By Mark Zuckerman on Friday, July 25 2025
Category: Nationals

Nats suffer second straight shutout loss (updated)

MINNEAPOLIS – If the Nationals believed a day off in the Land of 10,000 Lakes would do them good and allow them to return to action tonight with no residual effects of their shutout loss Wednesday in D.C., they were greatly mistaken.

The Nats batters who dug in tonight against the Twins’ Zebby Matthews looked no better than the guys who dug in Wednesday afternoon against the Reds’ Nick Lodolo. They made quick outs. They drew zero walks. They scored zero runs.

And when it was all over, they had once again wasted MacKenzie Gore’s pitching efforts, trudging out of Target Field on the wrong end of a 1-0 ballgame, their second straight shutout loss.

The Nationals haven’t scored a run in 21 innings now, their last runners to cross the plate coming way back in the sixth inning Tuesday night via Riley Adams’ two-run single. They’ve barely even given themselves a chance to score again since.

"We didn't hit," interim manager Miguel Cairo said. "We got three hits, I think. Sometimes it goes like that. They got three hits, too. They just got one more run than us."

Tonight’s opposing starter didn’t look all that fearsome on paper. Despite good strikeouts numbers, Matthews was the owner of a 6.53 ERA and 1.632 WHIP in 14 career starts entering this game. Opponents were batting .406 off his fastball this season. Then the Nationals made him look invincible.

Matthews retired the first 11 batters he faced, none of them managing so much as to get the ball out of the infield. Luis García Jr. finally connected for the team’s first hit with a double off the wall in right-center, a 406-foot shot that would’ve been a homer in 23 of 30 major league parks but not this one. He was stranded at second base when Josh Bell immediately popped up on the next pitch.

"I think that's a homer, man," García said with a sly grin. "I don't know, I hit it good, but at the last moment I see the ball hitting the wall, so I said: 'Oh, my god.'"

Daylen Lile had a two-out single in the fifth, but he went nowhere, as well. And that’s all the Nats managed in six innings against Matthews: two hits, zero walks, one at-bat with a runner in scoring position.

Lile tried to ignite a rally in the eighth against reliever Griffin Jax, ripping a double down the right field line and then stealing third. Jacob Young drew the team’s first walk in 20 innings, putting runners on the corners with two outs for CJ Abrams. But the leadoff man sent a routine fly ball to right, and that was that.

"He came today and hit early," Cairo said of Lile who notched two of the Nationals' three hits. "He did his job early and had good at-bats and gave us a chance running the bases, too."

On the heels of arguably his worst start in two years – he was charged with eight runs in 2 1/3 innings – Gore entered this one needing a significant bounce back performance. But while the bottom line – one run allowed over five innings – may have looked good, the process to get there was anything but.
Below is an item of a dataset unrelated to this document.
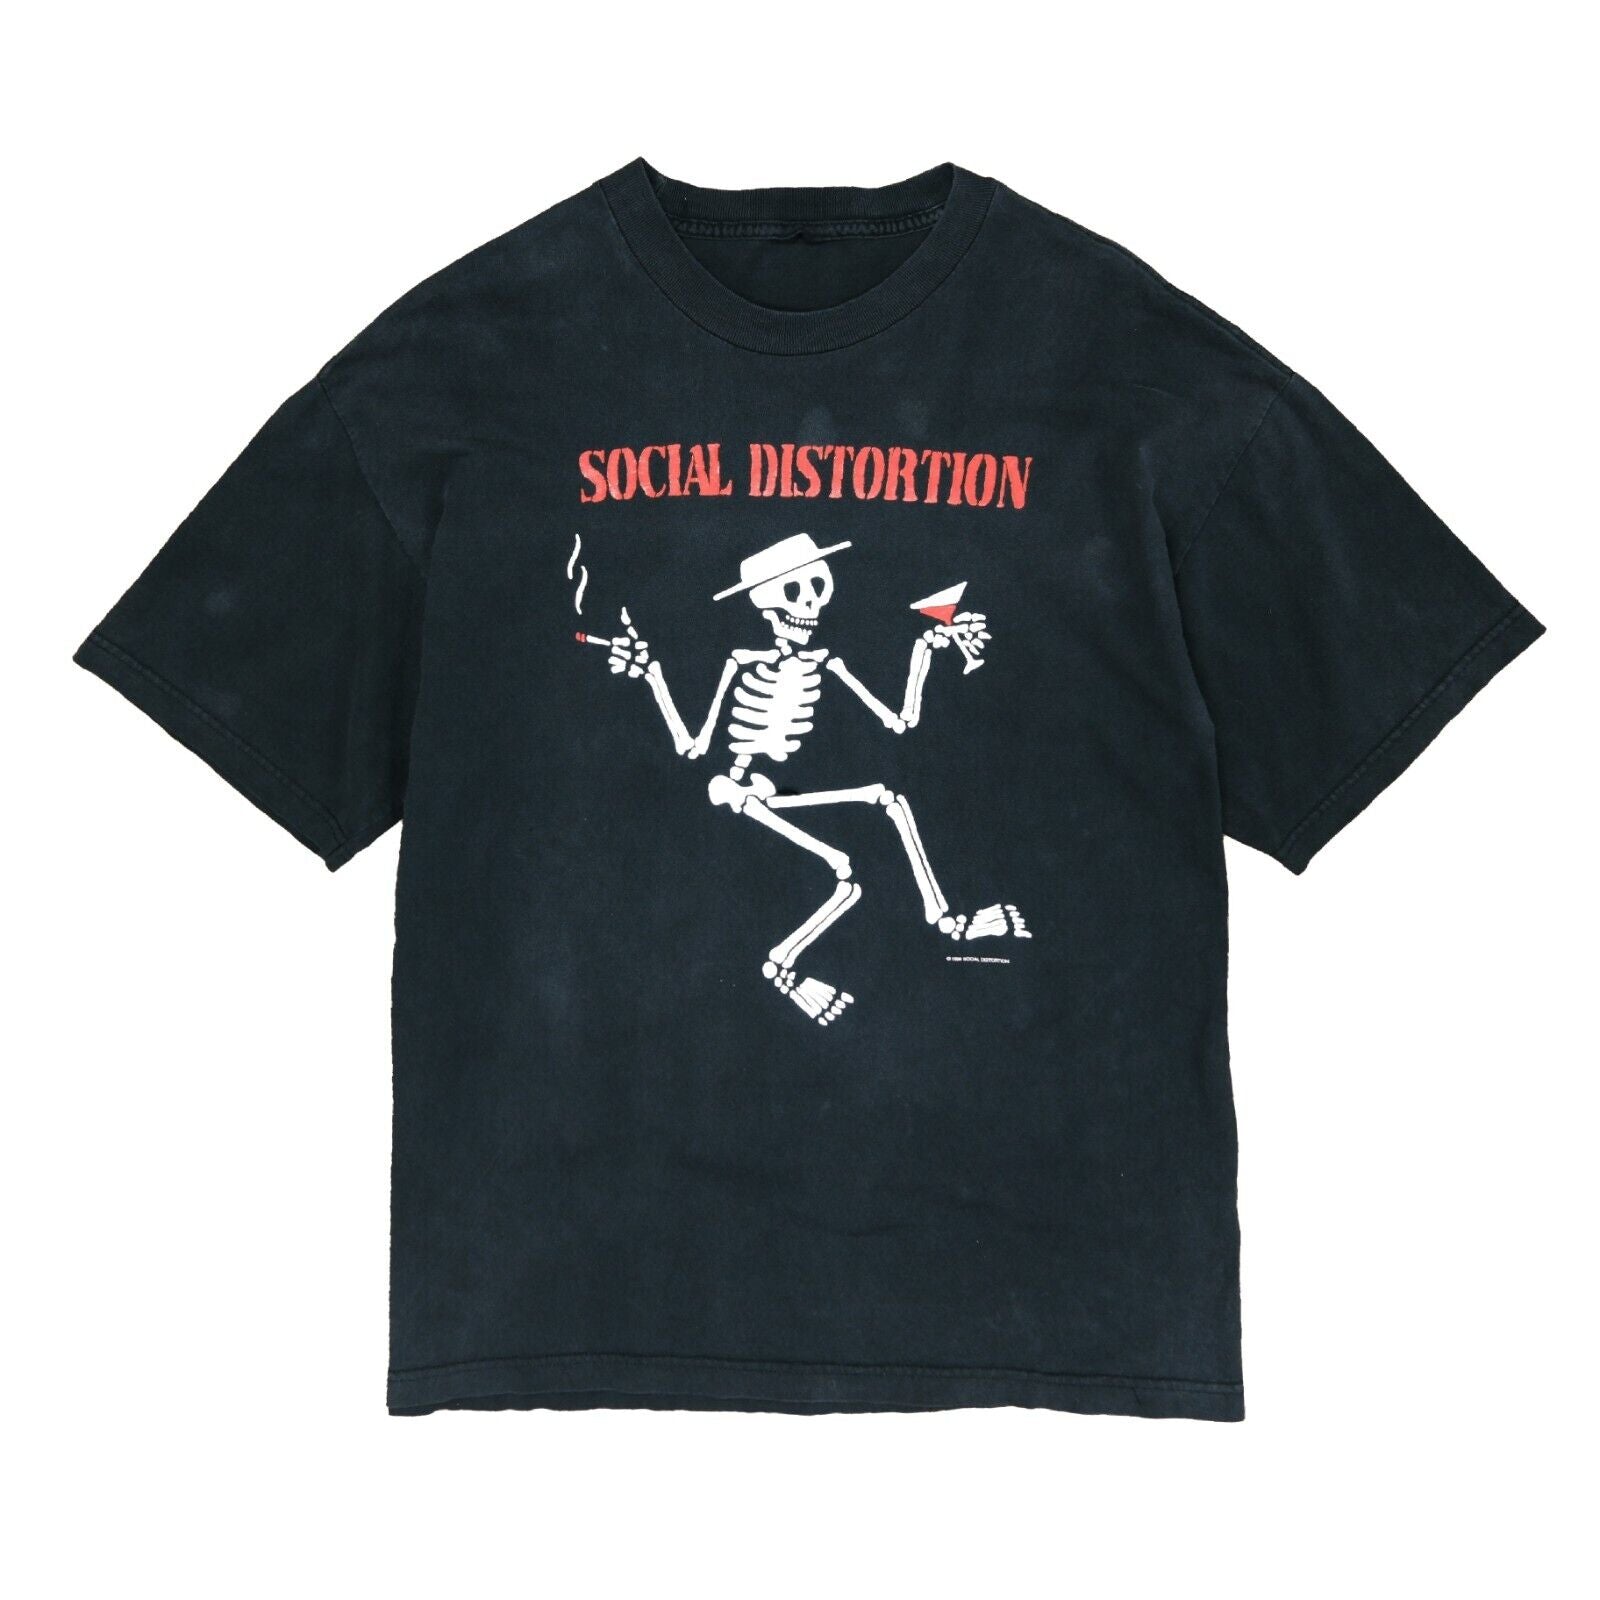 Vintage Social Distortion Skeleton T-Shirt Size Large Black Band

Gore found himself facing an uphill climb all night, forced to pitch his way out of jams in both the first and second innings. He walked three of the first seven batters he faced, and by the time he departed he had matched his career high with six free passes.

"I thought the stuff was good. But the walks ... I just didn't throw the ball very well," he said. "I felt good, and I felt the stuff was good going in. It's just when you get into long counts, long innings, that's when the stuff probably looks like it's down."

Somehow, the left-hander avoided damage. He induced a double play grounder to short with two on and one out in the second. He got a picture-perfect throw from batterymate Adams to nail Harrison Bader to end the fourth, Adams’ eighth caught stealing in his last 15 attempts.

Gore couldn’t fully escape a fifth inning jam, though, one that included two more walks (of the Twins’ No. 8 and No. 9 batters) and two wild pitches that allowed Matt Wallner to reach third with one out. That proved critical when Byron Buxton sent a hard fly ball to left, caught by James Wood but plenty deep to score Wallner and give Minnesota a 1-0 lead.

Gore would buckle down and strike out Ryan Jeffers with a 95 mph fastball on his 101st and final pitch of the night, salvaging a strong bottom line but surely feeling like he could have been much better and pitched deeper into this game.

"Look, at the end of the day, it's about runs," he said. "But we've got to look at how we're getting there. We're better than that. I feel good. I shouldn't be walking that many people. It's not like I feel off or anything. I'm just not ending at-bats, and they're kind of long at-bats. Clean that up and get ready for the next one."

It was up to the Nationals bullpen to keep this a 1-0 game, and that group walked the tightrope as well to do so. Cole Henry loaded the bases with two outs in the sixth, so Cairo summoned Konnor Pilkington for the third time in four days and watched the lefty get Wallner on a fly ball to right to end the inning.

Luis García (the reliever, not the second baseman) had trouble cruising through the bottom of the seventh, his final fastball to Jeffers clocking it at an eye-opening 100.6 mph.

Of course, it all meant nothing if the Nats lineup couldn’t push across at least one run and avoid a second straight shutout loss.